On Thu, Apr 13, 2023 at 01:58:34PM +0100, Tvrtko Ursulin wrote:
On 12/04/2023 20:18, Daniel Vetter wrote:
On Wed, Apr 12, 2023 at 11:42:07AM -0700, Rob Clark wrote:
On Wed, Apr 12, 2023 at 11:17 AM Daniel Vetter <daniel@xxxxxxxx> wrote:
On Wed, Apr 12, 2023 at 10:59:54AM -0700, Rob Clark wrote:
On Wed, Apr 12, 2023 at 7:42 AM Tvrtko Ursulin
<tvrtko.ursulin@xxxxxxxxxxxxxxx> wrote:
On 11/04/2023 23:56, Rob Clark wrote:
From: Rob Clark <robdclark@xxxxxxxxxxxx>
Add support to dump GEM stats to fdinfo.
v2: Fix typos, change size units to match docs, use div_u64
v3: Do it in core
Signed-off-by: Rob Clark <robdclark@xxxxxxxxxxxx>
Reviewed-by: Emil Velikov <emil.l.velikov@xxxxxxxxx>
---
Documentation/gpu/drm-usage-stats.rst | 21 ++++++++
drivers/gpu/drm/drm_file.c | 76 +++++++++++++++++++++++++++
include/drm/drm_file.h | 1 +
include/drm/drm_gem.h | 19 +++++++
4 files changed, 117 insertions(+)
diff --git a/Documentation/gpu/drm-usage-stats.rst b/Documentation/gpu/drm-usage-stats.rst
index b46327356e80..b5e7802532ed 100644
--- a/Documentation/gpu/drm-usage-stats.rst
+++ b/Documentation/gpu/drm-usage-stats.rst
@@ -105,6 +105,27 @@ object belong to this client, in the respective memory region.
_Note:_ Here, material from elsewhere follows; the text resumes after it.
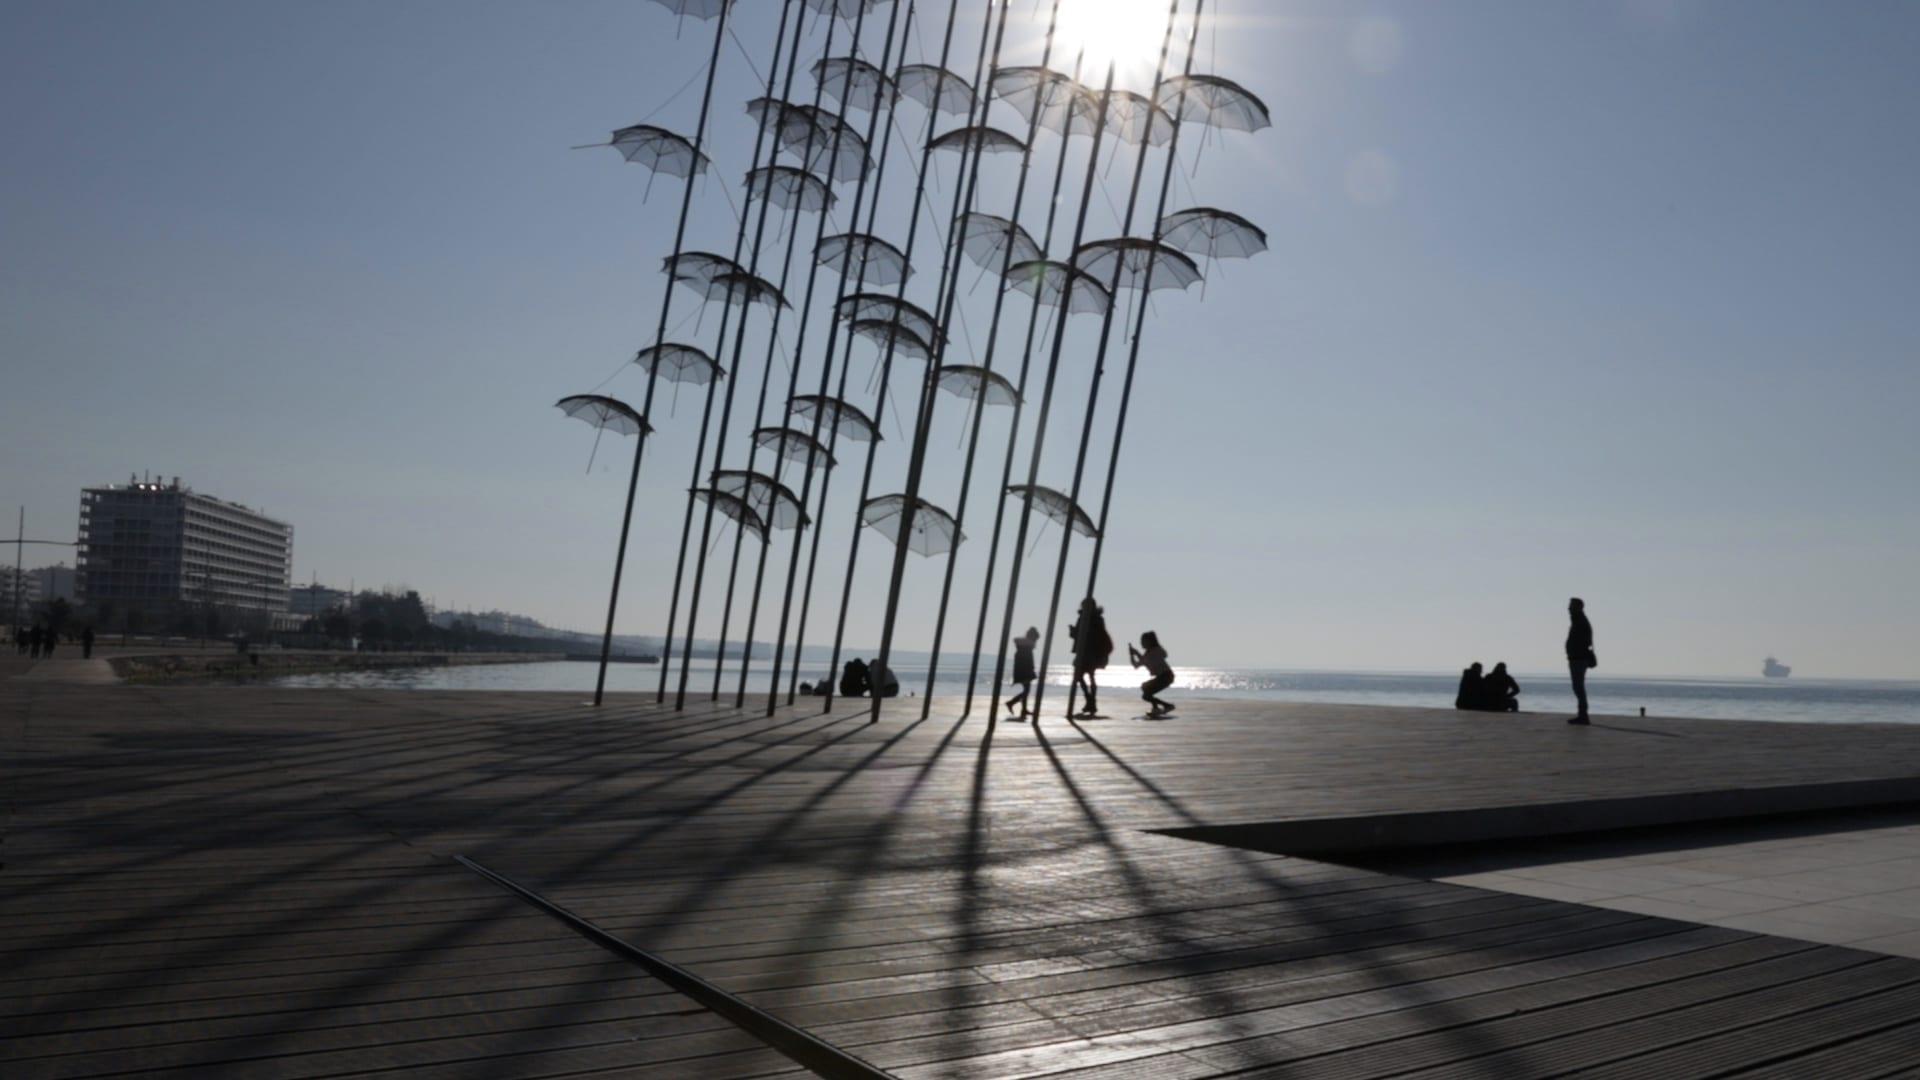 Arxellence 2 Thessaloniki landmark 2 - ALUMIL organizează ArXellence 2, competiție deschisă arhitecților pentru noul Central Business District din Salonic

Default unit shall be bytes with optional unit specifiers of 'KiB' or 'MiB'
indicating kibi- or mebi-bytes.
+- drm-shared-memory: <uint> [KiB|MiB]
+
+The total size of buffers that are shared with another file (ie. have more
+than a single handle).
+
+- drm-private-memory: <uint> [KiB|MiB]
+
+The total size of buffers that are not shared with another file.
+
+- drm-resident-memory: <uint> [KiB|MiB]
+
+The total size of buffers that are resident in system memory.
I think this naming maybe does not work best with the existing
drm-memory-<region> keys.
Actually, it was very deliberate not to conflict with the existing
drm-memory-<region> keys ;-)
I wouldn't have preferred drm-memory-{active,resident,...} but it
could be mis-parsed by existing userspace so my hands were a bit tied.
How about introduce the concept of a memory region from the start and
use naming similar like we do for engines?
drm-memory-$CATEGORY-$REGION: ...
Then we document a bunch of categories and their semantics, for instance:
'size' - All reachable objects
'shared' - Subset of 'size' with handle_count > 1
'resident' - Objects with backing store
'active' - Objects in use, subset of resident
'purgeable' - Or inactive? Subset of resident.
We keep the same semantics as with process memory accounting (if I got
it right) which could be desirable for a simplified mental model.
(AMD needs to remind me of their 'drm-memory-...' keys semantics. If we
correctly captured this in the first round it should be equivalent to
'resident' above. In any case we can document no category is equal to
which category, and at most one of the two must be output.)
Region names we at most partially standardize. Like we could say
'system' is to be used where backing store is system RAM and others are
driver defined.
Then discrete GPUs could emit N sets of key-values, one for each memory
region they support.
I think this all also works for objects which can be migrated between
memory regions. 'Size' accounts them against all regions while for
'resident' they only appear in the region of their current placement, etc.
I'm not too sure how to rectify different memory regions with this,
since drm core doesn't really know about the driver's memory regions.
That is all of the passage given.